Federación Mexicana de Rodeo
- Sport: Rodeo
- Founded: 1992
- Countries: Mexico
- Website: Federación Mexicana de Rodeo

= Federación Mexicana de Rodeo =

Governing body of professional American rodeo in Mexico

La Federación Mexicana de Rodeo (FMR) or the Mexican Rodeo Federation is the governing body of professional American rodeo in Mexico. It is based in Chihuahua, Chihuahua.

==History==
The FMR was created to support and protect rodeo cowboys and cowgirls who risk their lives to run each of the different disciplines of the sport at high risk.

The organization was founded in 1992 by Diego González Fernández, integrating that year different rodeo associations representing the states of Baja California, Sonora, Chihuahua, Nuevo León and Coahuila, thereby complying with the requirement of the Mexican Sports Confederation. Subsequently, associations from the states of Durango, Zacatecas, Hidalgo, Guanajuato, Aguascalientes, Tamaulipas, and others have joined. To date, there are 19 state associations that make up the FMR.
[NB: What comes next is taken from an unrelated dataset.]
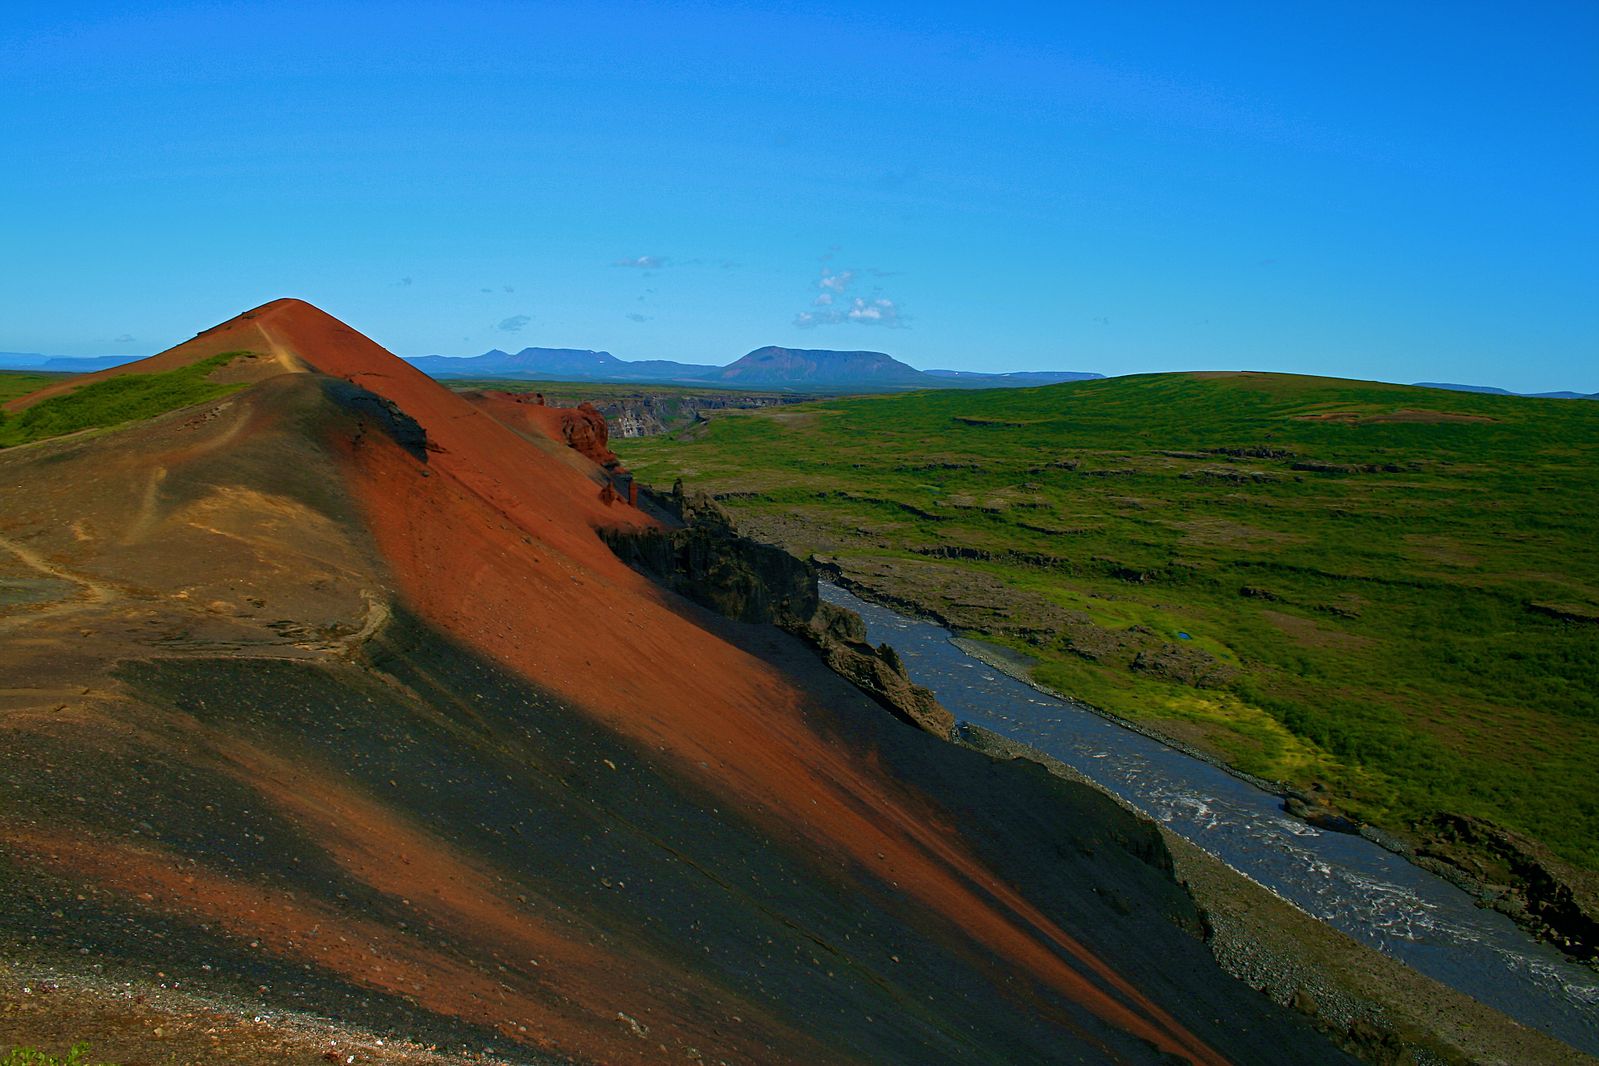 The Rauðhólar are all that remains of an ancient group of volcanic craters.

The top cowboys and cowgirls in each rodeo event qualify for the FMR's year-end Campeonato Nacional de Rodeo (National Rodeo Championship) where the national champions are determined. This annual event has been held in different cities throughout its history, but has been consistently held in Chihuahua, Chihuahua, for the last several years. The National Rodeo Championship was first held in 1993 and ran through 1995. However, it was not held again until 2000, and it has been held consistently since then.
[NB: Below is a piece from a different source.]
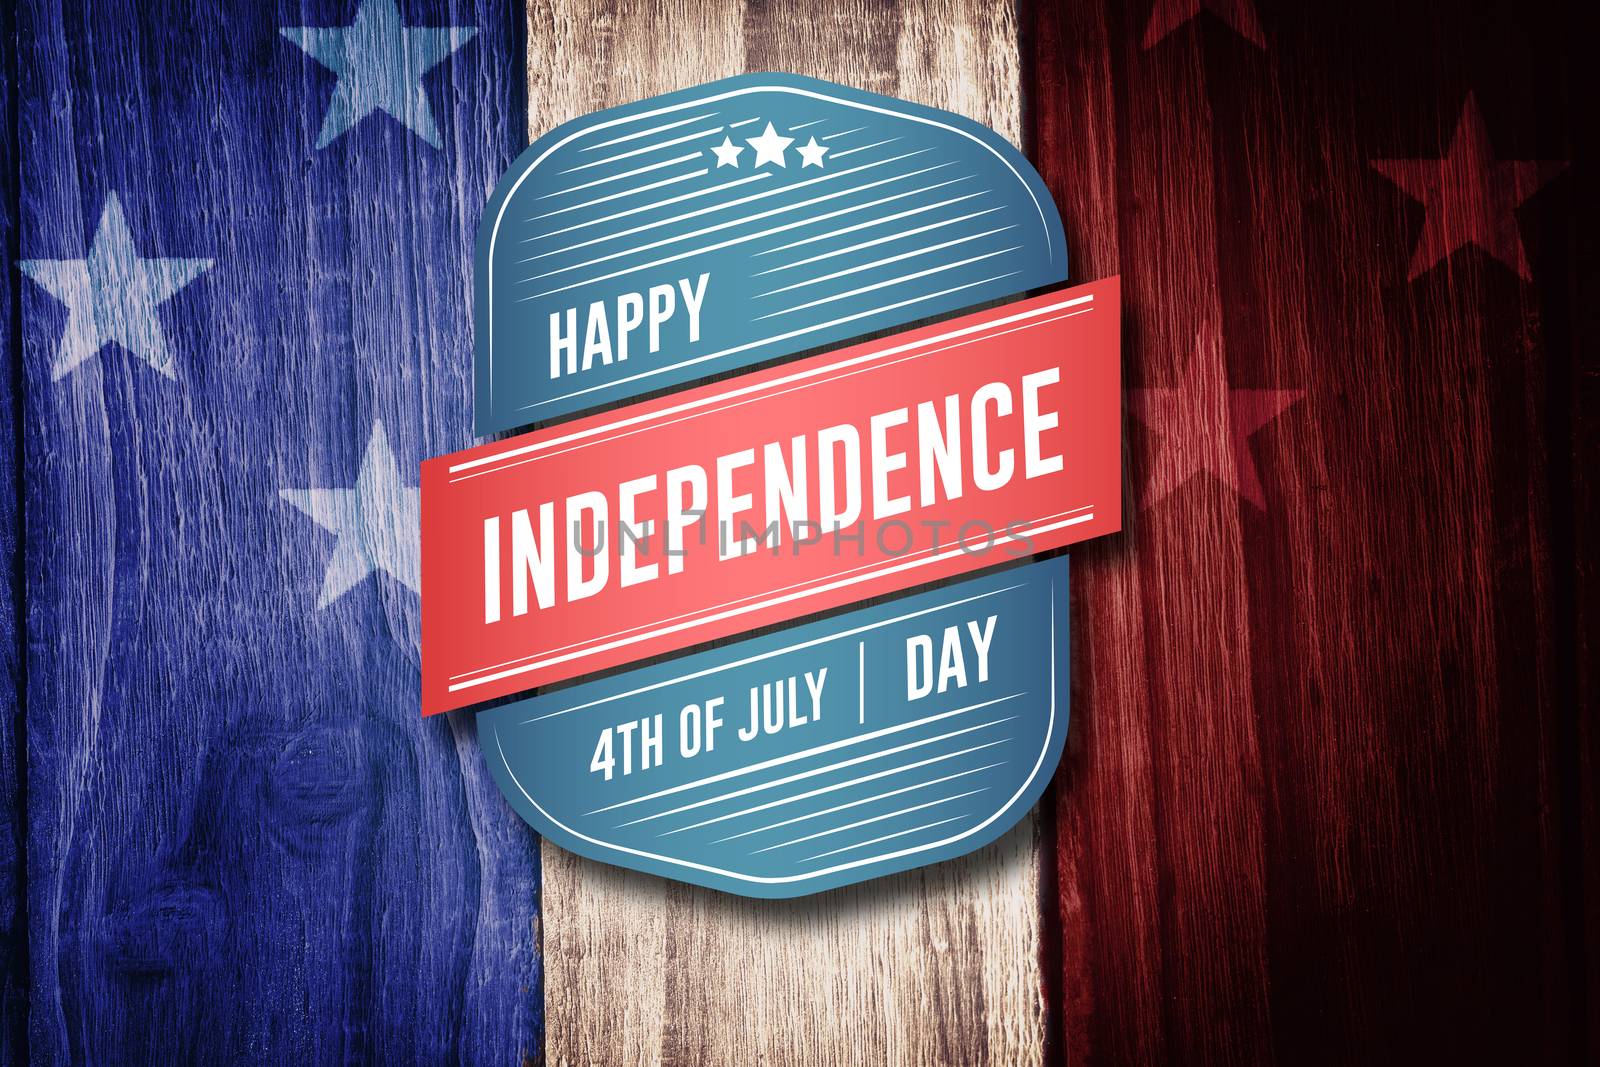 Independence day graphic against wooden table

The National Rodeo Championship crowns the national champions in the male events of bareback riding, steer wrestling, team roping, saddle bronc riding, tie-down roping, and bull riding, as well as the national champions in the female events of breakaway roping, goat tying, pole bending, and barrel racing.

Each state association that is a member of the FMR also has its own state rodeo circuit and year-end state finals to determine the state champion in each event.

From 2016 to 2019, the Professional Rodeo Cowboys Association (PRCA) co-sanctioned some rodeos with the FMR, and those events counted towards the FMR's national standings, as well as the PRCA's world standings. Due to the COVID-19 pandemic, the partnership between the FMR and PRCA was forced to pause for three years, until resuming in 2023.